# Serial number help???



## philhyde

I wrote to Specialized, providing the serial number of my frame. This is the response got back:

"I am sorry the serial number will not helps us identify the year of your Specialized bike"

So I'm wondering - what good is a serial number? What DOES it tell you?


----------



## PJ352

philhyde said:


> I wrote to Specialized, providing the serial number of my frame. This is the response got back:
> 
> "I am sorry the serial number will not helps us identify the year of your Specialized bike"
> 
> So I'm wondering - what good is a serial number? What DOES it tell you?


I'm thinking you got someone that didn't want to be bothered. If you have a name or number, try contacting them asking that they pursue your question. If you have no such info, resubmit your question. Once opened, there are usually options where a customer can add info or update the request.

IME this is unusual when dealing with Spec's customer support. I'd try again.


----------



## philhyde

Thanks. The person did include a contact name/number in the response, so I do plan on calling.


----------



## ukbloke

I guess that because your bike was special issue, it bypassed the normal serial number process. Maybe they "comp'ed" those frames to various teams and didn't want any coming back as warranty claims. You might get further with a call if it really matters to you.


----------



## philhyde

ukbloke said:


> I guess that because your bike was special issue, it bypassed the normal serial number process. Maybe they "comp'ed" those frames to various teams and didn't want any coming back as warranty claims. You might get further with a call if it really matters to you.

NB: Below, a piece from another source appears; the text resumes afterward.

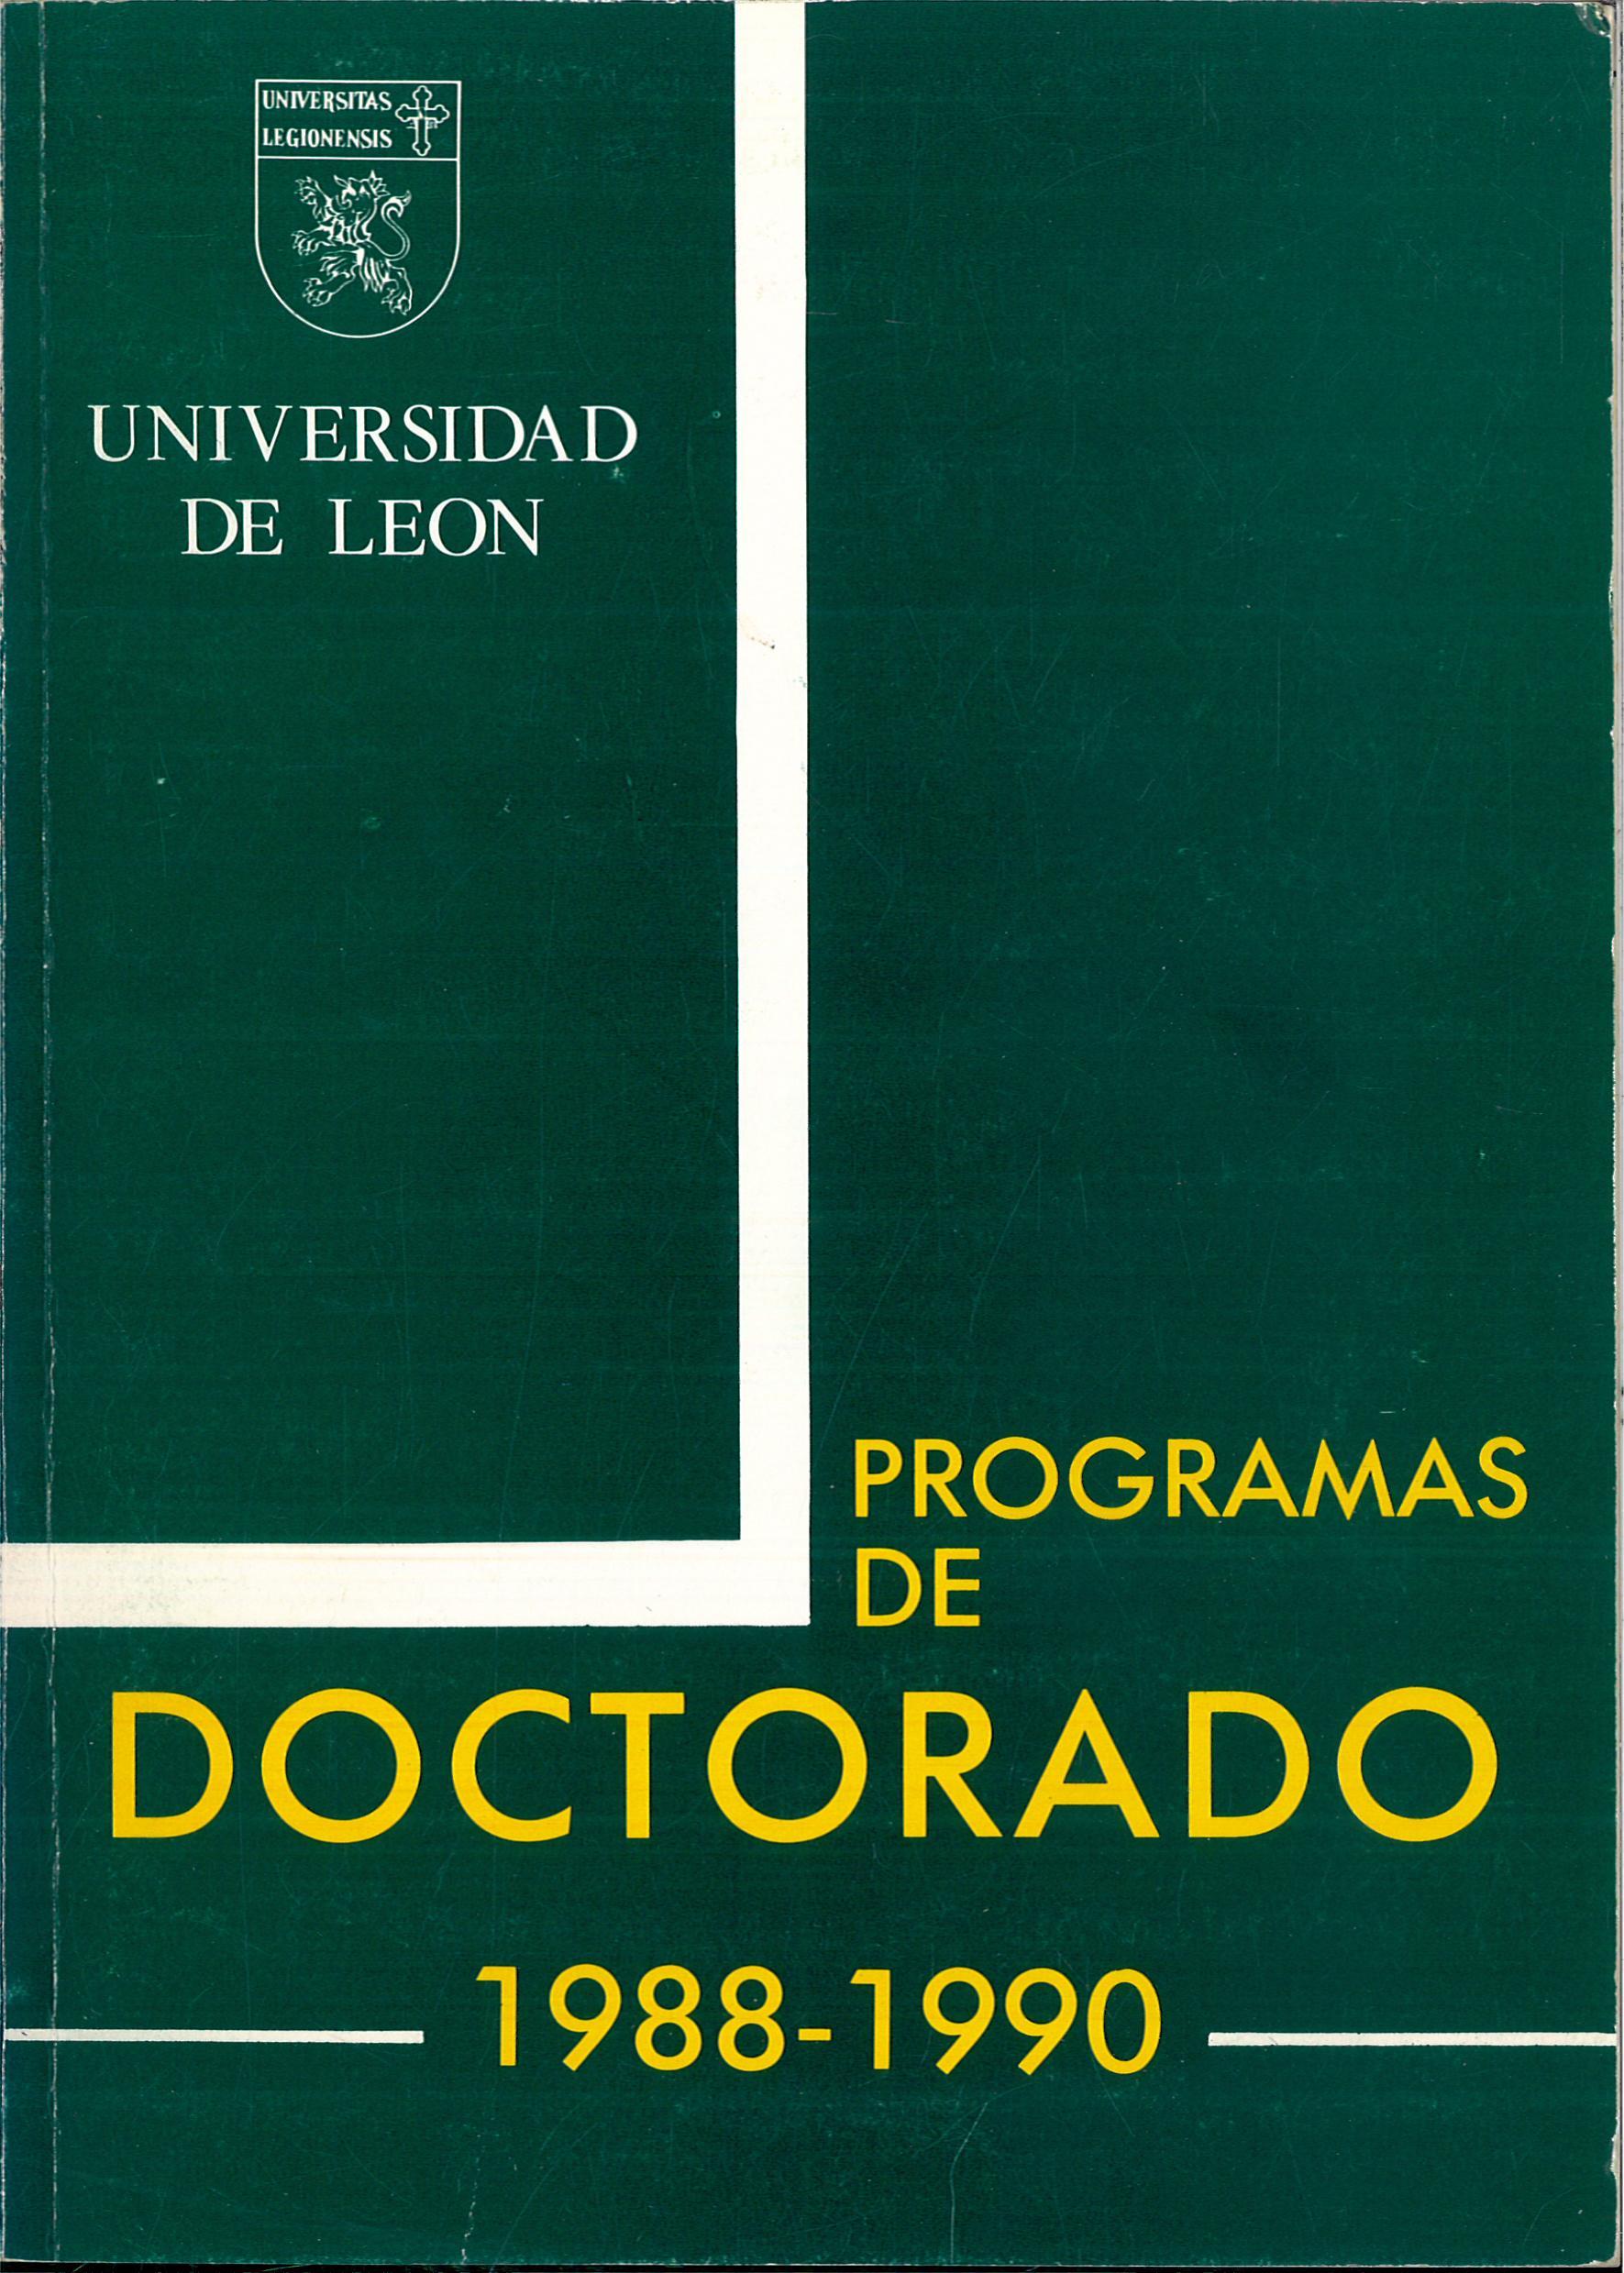 Portada del libro: «LOS PROGRAMAS DE DOCTORADO 1988-1990».

I don't know what regular Specialized serial nos look like. Mine is "P4K E20273". 

As I noted, I do plan to call.


----------



## philhyde

I called yesterday and the Specialized rep indicated that the serial no tells them nothing about a frame. It is used during assembly to identify a part. So I was completely wrong thinking that it could be decoded, like an automobile VIN number.


----------



## ukbloke

philhyde said:


> I called yesterday and the Specialized rep indicated that the serial no tells them nothing about a frame. It is used during assembly to identify a part. So I was completely wrong thinking that it could be decoded, like an automobile VIN number.


Interesting, even if they are non-decodable you'd think they'd have a database to map from serial number to model, model year, production date, factory, assembly line, etc. and possibly tie this to the original owner's registration information too. How would they track down a production fault or validate a warranty claim without that kind of information?


----------



## philhyde

Yes, it makes little sense to me.


----------



## PJ352

ukbloke said:


> Interesting, even if they are non-decodable you'd think they'd have a database to map from serial number to model, model year, production date, factory, assembly line, etc. and possibly tie this to the original owner's registration information too. *How would they track down a production fault or validate a warranty claim without that kind of information*?

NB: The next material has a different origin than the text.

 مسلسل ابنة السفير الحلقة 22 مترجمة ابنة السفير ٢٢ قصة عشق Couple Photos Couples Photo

That was my thought as well. As soon as I read the OP's post I looked at my warranty info - the serial # was part of the requested info, so I don't get this either.

Good follow up question to Spec, though.


----------



## pdainsworth

Maybe they use it to track ownership for warranty claims. You can register your bike online with Specialized, so that would associate that serial number with you, the owner. It would be one way to verify original ownership.


----------



## PJ352

pdainsworth said:


> Maybe they use it to track ownership for warranty claims. You can register your bike online with Specialized, so that would associate that serial number with you, the owner. It would be one way to verify original ownership.


Makes sense, but if that were the case when someone made an inquiry using a serial # as reference, why would they be told it doesn't tell Spec anything?? 

Oh, wait a sec. Spec told the OP that it doesn't tell them anything about the _frame_... so you may be right.


----------



## dschreit

*Specialized serial number - what year is my bike?*



philhyde said:


> I wrote to Specialized, providing the serial number of my frame. This is the response got back:
> 
> "I am sorry the serial number will not helps us identify the year of your Specialized bike"
> 
> So I'm wondering - what good is a serial number? What DOES it tell you?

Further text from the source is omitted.